A New Anthem for Afghanistan

The new song, written in Pashtu, pays tribute to the country’s unity and diversity.

A New Anthem for Afghanistan

The new song, written in Pashtu, pays tribute to the country’s unity and diversity.

Friday, 19 March, 2010
IWPR

IWPR

Institute for War & Peace Reporting

Afghanistan may soon have a new national anthem, with words calling for national unity while noting the nation’s ethnic diversity. But as in the past, the language in which the anthem is sung has become a matter of dispute.


The current anthem, performed at official government ceremonies, dates back to the mid- Nineties and the mujahedin regime of former president Burhanuddin Rabbani. Its lyrics, considered by some more pan-Islamic than national, are in Dari, one of the country’s official languages and spoken by the Tajiks, Hazaras and other ethnic groups, and also widely used as a second language by others.


Afghanistan’s first national anthem, used during the rule of King Amanullah in the late Twenties, was sung in Pashtu to western-style parade music. There was no national anthem during King Habibullah’s nine-month regime in 1929, and in the subsequent reign of King Mohammed Nadir Shah until 1933, Pashtu lyrics were sung to martial music. While King Mohammad Zaher Shah was in power between 1933 and 1973, the anthem consisted of music without words.


The constitution approved by a Loya Jirga or grand assembly in early 2004 requires that the anthem be performed in Pashtu, another of the country’s official languages and the one used by the country’s majority ethnic group, the Pashtuns.


The Constitution also requires that the anthem include the names of the country’s major ethic groups and contain the words “Allah hu Akbar” (God is Great).


Disagreements over which language to use for the national anthem nearly derailed the Constitutional Loya Jirga, and some of the delegates who attended are still unhappy with the decision.


Former presidential candidate Abdul Hafiz Mansur, editor of the Payam-e-Mujahed, Voice of the Mujahedin, newspaper, was among the delegates who opposed the Loya Jirga’s decision at the time, and still says he would prefer the new anthem to be sung in both Pashtu and Dari, or simply have no lyrics at all.

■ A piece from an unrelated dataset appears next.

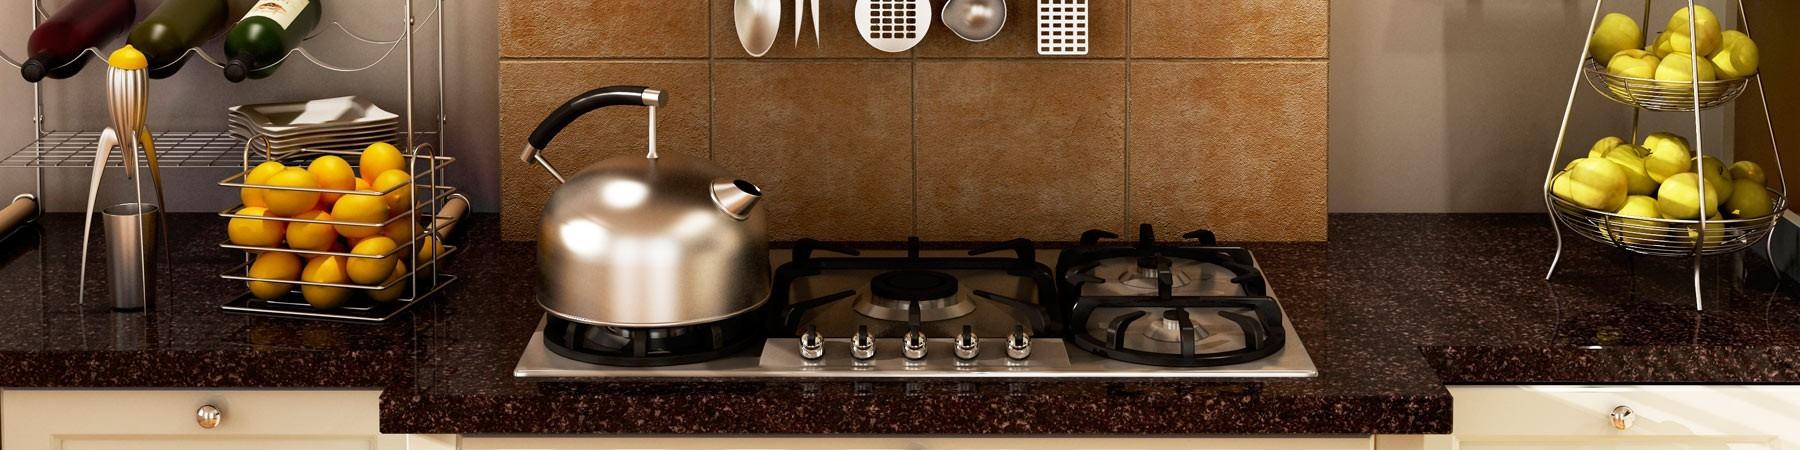 Máy nướng bánh, máy làm bánh dùng cho phòng bếp gia đình. Chính hãng

“There were many Loya Jirga members who didn’t like it,” said Mansur, whose newspaper represents the view of Jamiat-e-Islami, a former mujahedin faction whose stronghold is in the mainly Tajik northeast. “In my opinion, [the new anthem] is a problem and will remain a problem. It should be in both languages.”


Rahnaward Zaryab, a member of the ethnically diverse, 40-member culture and information ministry council that chose the national anthem, told IWPR that the ministry received more than a hundred poems in a variety of languages after it announced the competition in last spring. There is currently a worldwide contest under way to set the words to music.


The first verse of the proposed anthem is the same as the one used in the Seventies during the regime of former President Daoud. They were written by the famed Pashtun post Abdul Rauf Benawa and remained in use until Rabbani came to power in 1992.


Habibullah Rafi, a member of the Afghanistan Academy of Scientists and a political analyst, composed the remainder of the lyrics.


Here are the lyrics to the proposed anthem:


So long as there is the earth and the sky,


So long as the world endures;


So long as there is life in the world,


So long as a single Afghan breathes,


There will be this Afghanistan.


Whether we are Hazara or Baluch,


Pashai or Nuristani,


Uzbek or Turkmen,


Pashtun or Tajik,


Whatever ethnicity we are from,


We are all Afghans. And children of one homeland.


Our chant is freedom, peace and reconstruction,


development, and progress toward success.


This is our sacred call –


God is Great! God is Great!


Ahmad Shah Ahmadzai, a former presidential candidate and former deputy head of the Ittihad-e-Islami faction under the fundamentalist Abdul Rab Rasul Sayyaf, said he could live with either the proposed anthem or the one used during the Rabbani regime.


"It was ratified in the constitutional Loya Jirga that the verses of national anthem should be in Pashtu, and I accept that," said Ahmadzai, a Pashtun. "The anthem played in Dari is also acceptable for me; it's an Islamic anthem."


But Mahmood Shah, 48, a Pashtun in Kabul, said, “The mujahedin government’s national anthem didn’t belong to all of Afghanistan, even though there were holy words in it. It was like a party’s anthem, not a national anthem”.


He told IWPR he believed the new anthem better reflects the modern realities of Afghanistan.


"We as citizens should try to do what the poem says regarding unity and development,” said Mahmood Shah.


The proposed anthem must now be approved by President Hamed Karzai and his cabinet.


Wahidullah Amani is a staff reporter for IWPR in Kabul.